Algebra #2: “Demix” removing things from a mix

This is kind of the same thing as we just did but more of a (theoretical) “music” example.

Pretend we’re mixing 4 stems. But then we want to remove the last one. We can do the math for that in the input space.
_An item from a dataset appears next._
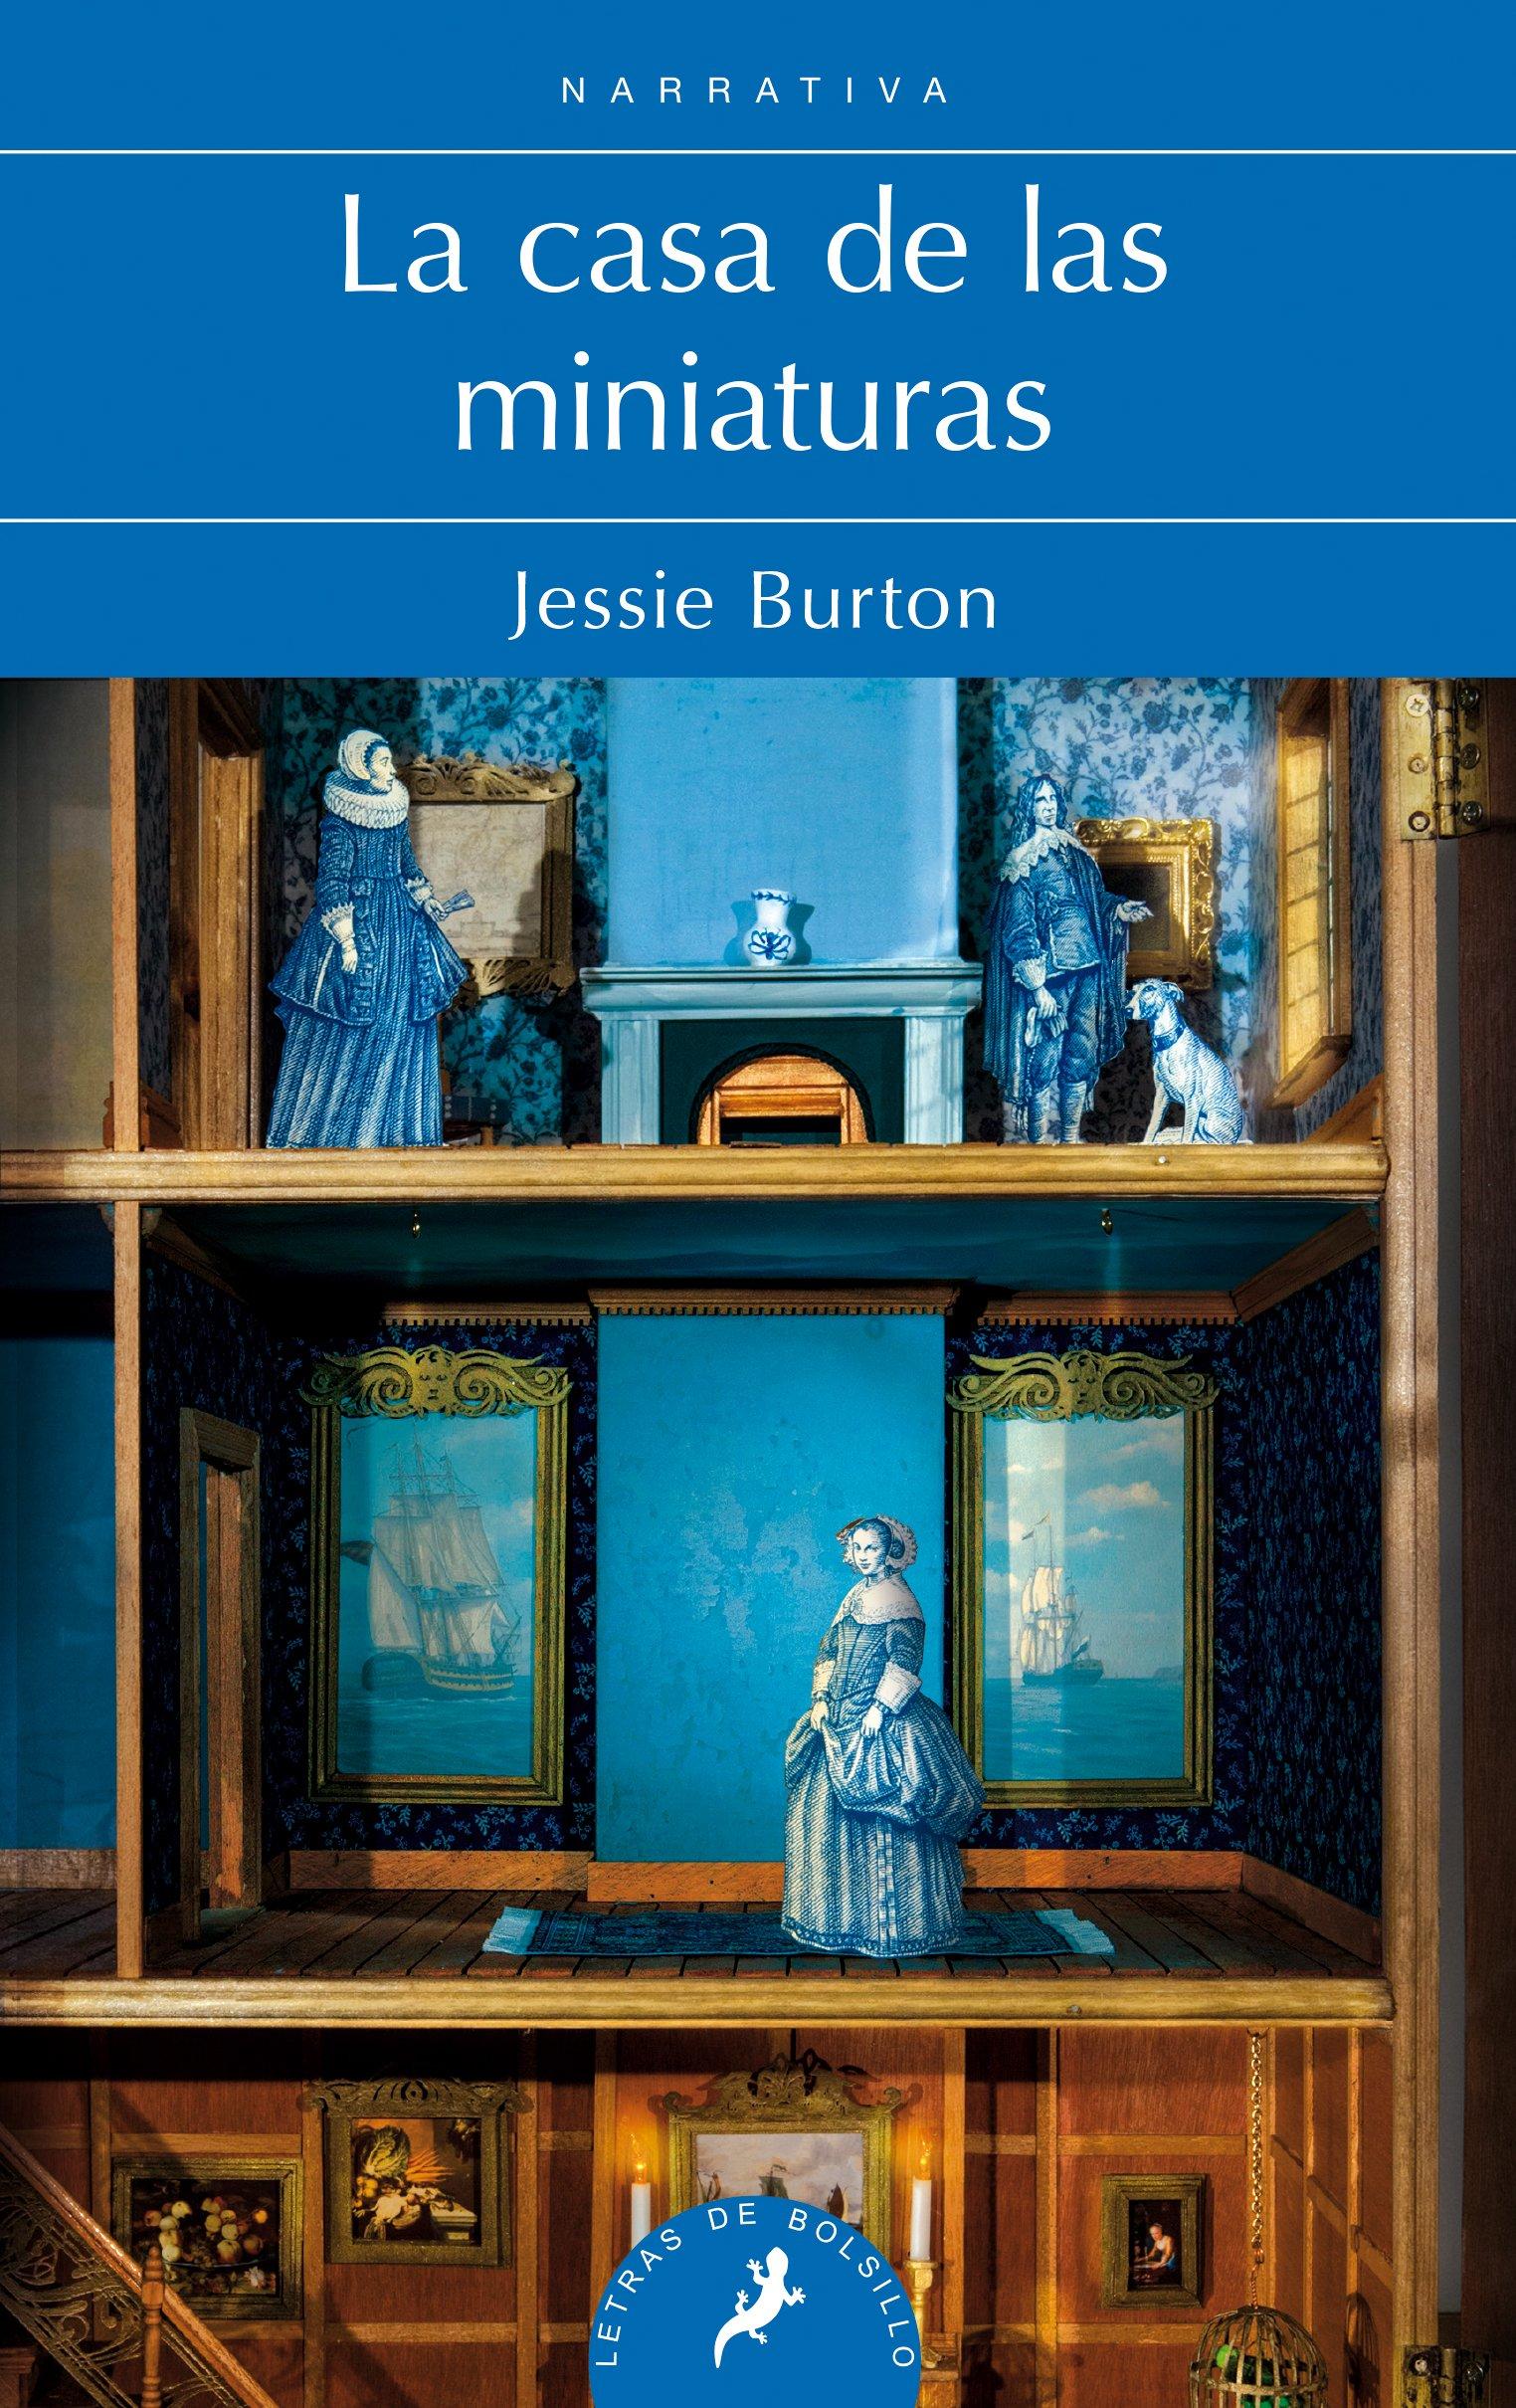 LA CASA DE LAS MINIATURAS -LB- S Letras de bolsillo  Amazon.es  Jessie  Burton  Libros ba85960578b
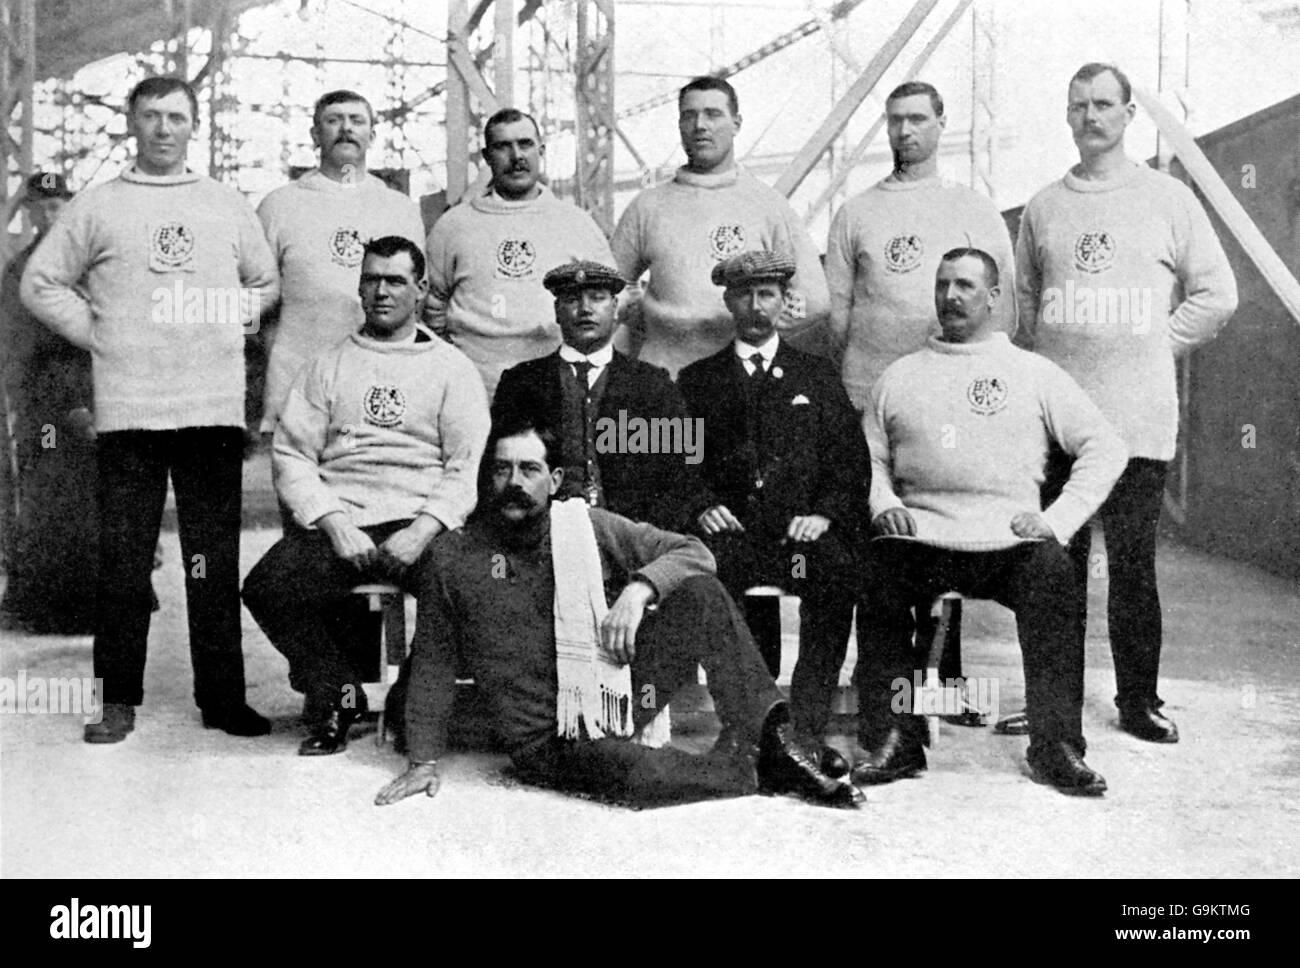 Athletics - London Olympic Games 1908 - Tug of War - Stock Image

But can we also do it in the aa embedding space?

def demix_fun(labels = ['guitar','drums','bass','vocal']):
    i_rm = random.randint(0,len(labels)-1)

    # input space
    xs = 2*torch.rand(4,2, requires_grad=False) -1
    mix = xs.sum(dim=0).unsqueeze(0)
    mix_rm = mix - xs[i_rm,:]  # subtract a stem in input space
    print(f"mix_remove_{labels[i_rm]} = {mix_rm}")


    # do the op in embedding space
    with torch.no_grad():
        zs   = aa_model.encode( given_model.encode(xs.to(device)) )
        zmix = aa_model.encode( given_model.encode(mix.to(device)) )

        zmix_rm = zmix - zs[i_rm,:]  # subtract a stem in aa embedding space!
        guess = given_model.decode( aa_model.decode(zmix_rm) ).cpu()  # convert to input space
        print(f"guess =          {guess}")


    #plot what we got, in input space 
    fig, ax = plt.subplots(figsize=(7,7))

    ax.text(0,0 ,f"origin")
    for i in range(4):         # plot all the stems and put labels on them 
        ax.arrow(0,0, xs[i,0], xs[i,1], length_includes_head=True, head_width=0.05, head_length=0.1)  # plot vectors for stems
        ax.annotate("", xy=(xs[i,0], xs[i,1]), xytext=(0, 0), arrowprops=dict(arrowstyle="->"))
        ax.text(xs[i,0],xs[i,1],f"{labels[i]}")

    plt.plot(mix[:,0],mix[:,1], marker='o', markersize=10)  # also plot and label the mix
    ax.text(mix[:,0],mix[:,1], "mix")

    # connect mix and removed value
    dx = mix_rm - mix 
    ax.arrow(mix[0][0], mix[0][1], dx[0][0], dx[0][1], length_includes_head=True, head_width=0.05, head_length=0.1)  
    ax.annotate("", xy=(xs[i,0], xs[i,1]), xytext=(0, 0), arrowprops=dict(arrowstyle="->"))


    ax.plot(mix_rm[:,0],mix_rm[:,1], marker='o', label=f'mix_remove_{labels[i_rm]}', linestyle='None', markersize=10) # plot the point in real space
    ax.text(mix_rm[:,0],mix_rm[:,1], f'mix_remove_{labels[i_rm]}')


    ax.plot(guess[:,0],guess[:,1], marker='o', label='guess from aa', linestyle='None', markersize=10) # guess = input recon of what was done in aa emb space

    plt.axis('square')
    ax.set_aspect('equal', adjustable='box')
    ax.set_title("input space")
    ax.legend(fancybox=True, framealpha=0.6, prop={'size': 10})
    plt.show()
    
demix_fun()
mix_remove_drums = tensor([[0.4061, 0.8386]])
guess =          tensor([[0.4127, 0.8588]])

If the green dot is covering the orange dot, then it worked!